_YOUR GOAL_
Repeat the data exactly. Pictures are not part of the copy.

_GIVEN INFORMATION_
——
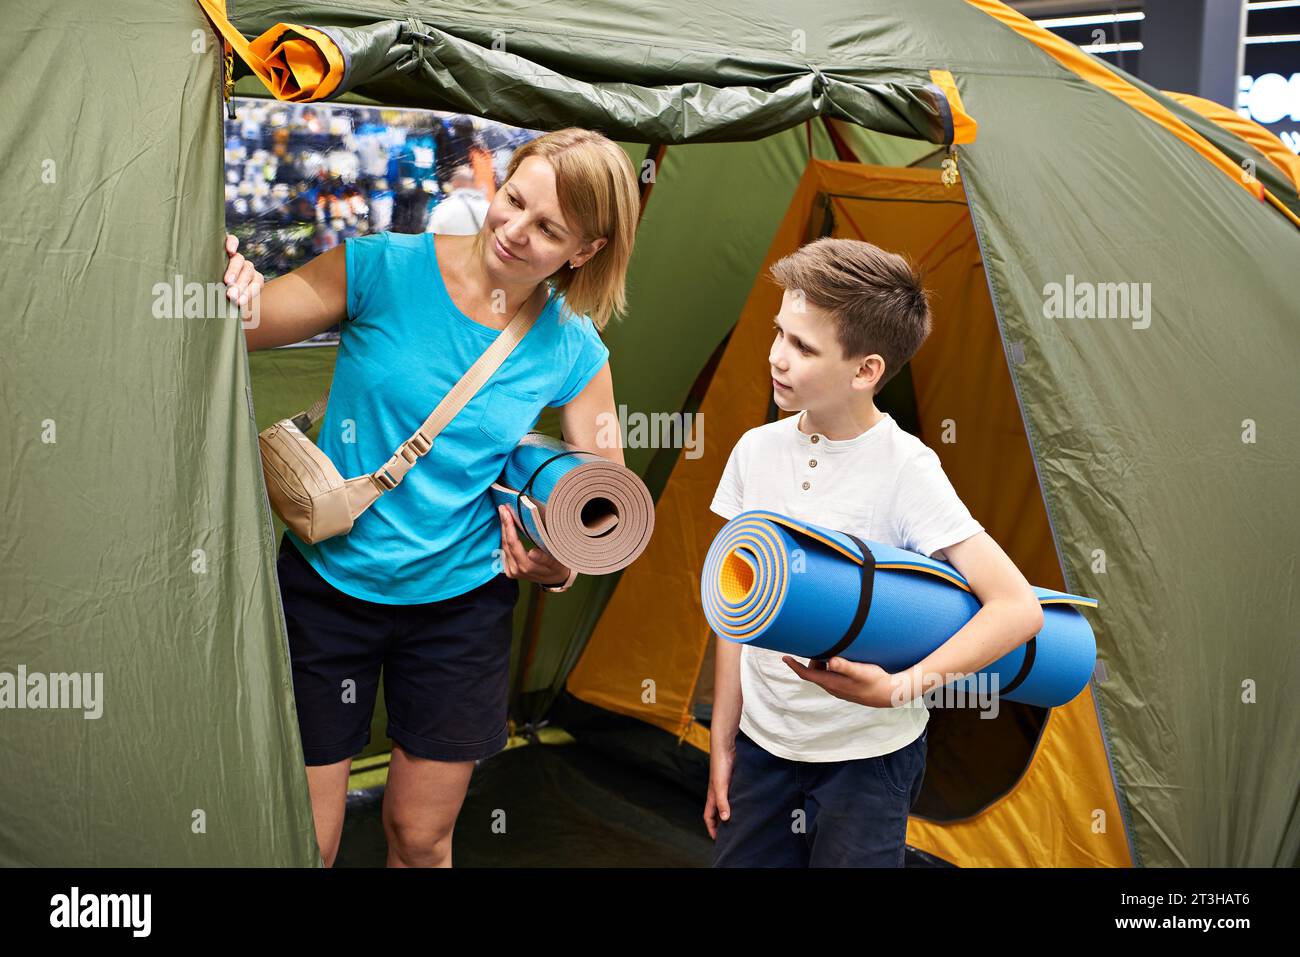 Mamma e figlio scelgono una tenda da campeggio in negozio Foto Stock
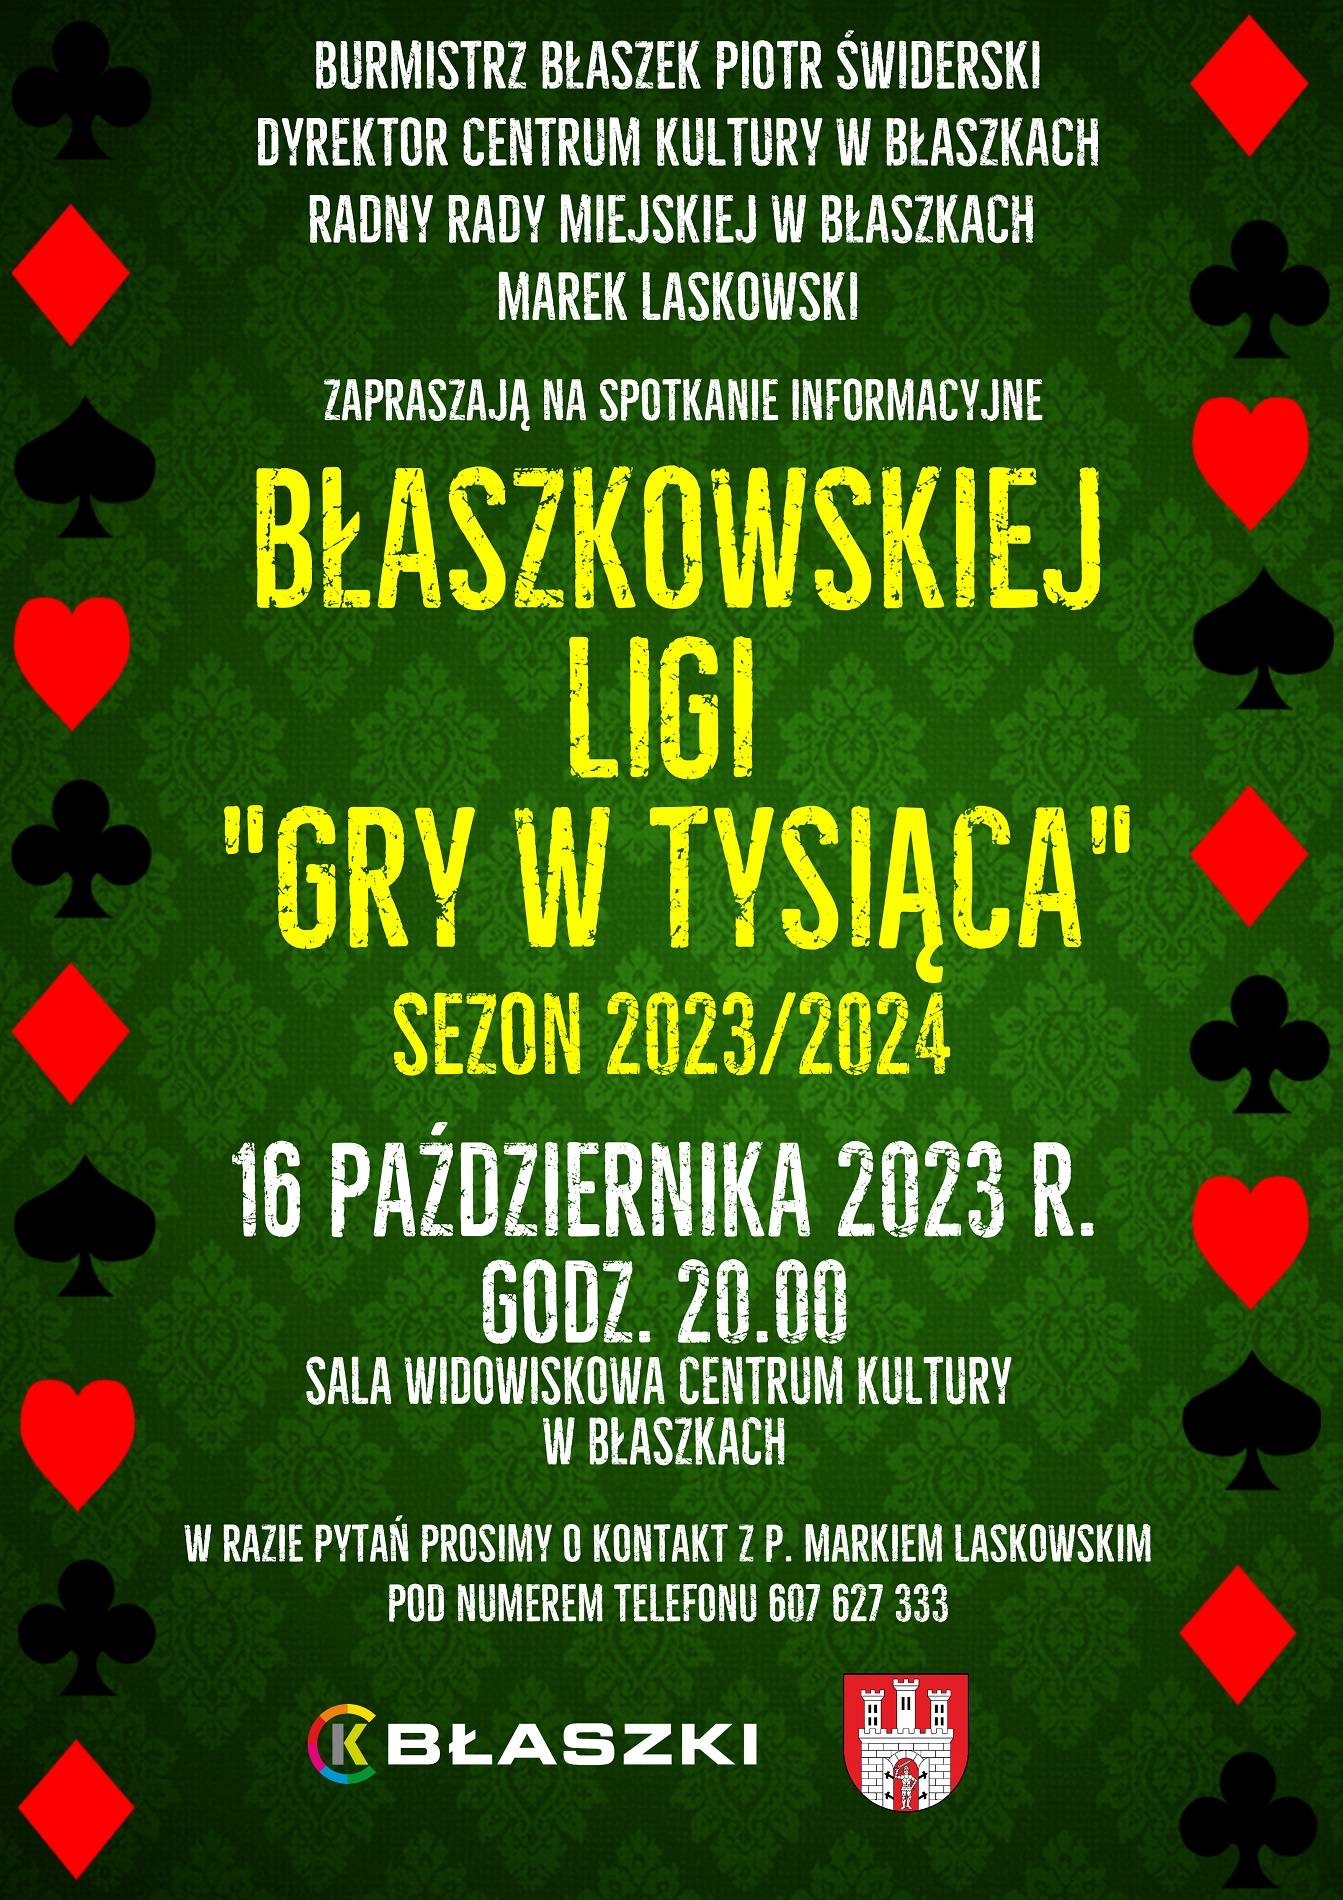 Plakat informacyjny Błaszkowskiej Ligi Gry w Tysiąca o zebraniu 16.10.2023 o godz. 20.00
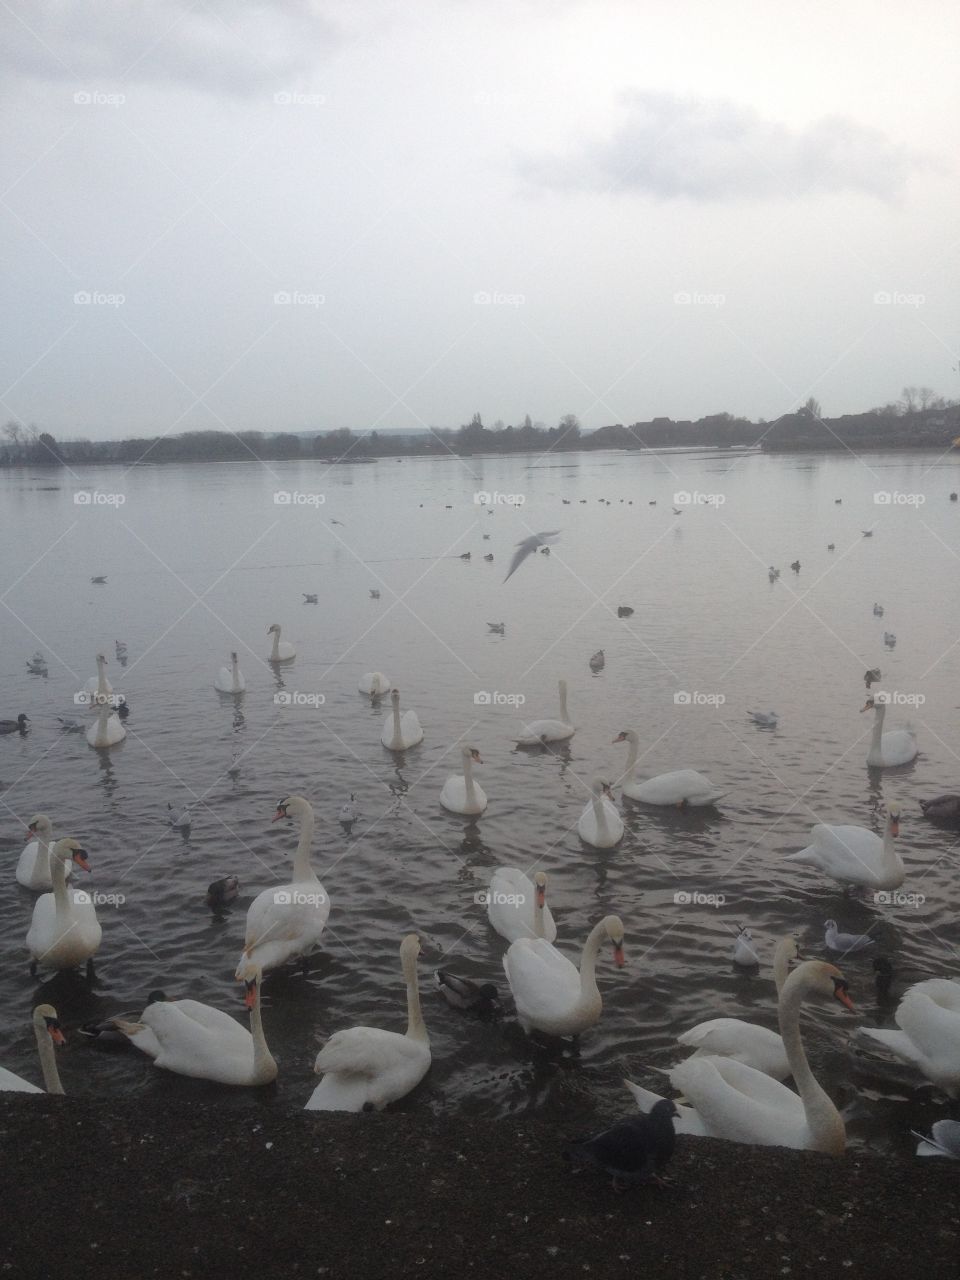 Feeding swans
——
_TASK SOLUTION_
 Mamma e figlio scelgono una tenda da campeggio in negozio Foto Stock
 Plakat informacyjny Błaszkowskiej Ligi Gry w Tysiąca o zebraniu 16.10.2023 o godz. 20.00
 Feeding swans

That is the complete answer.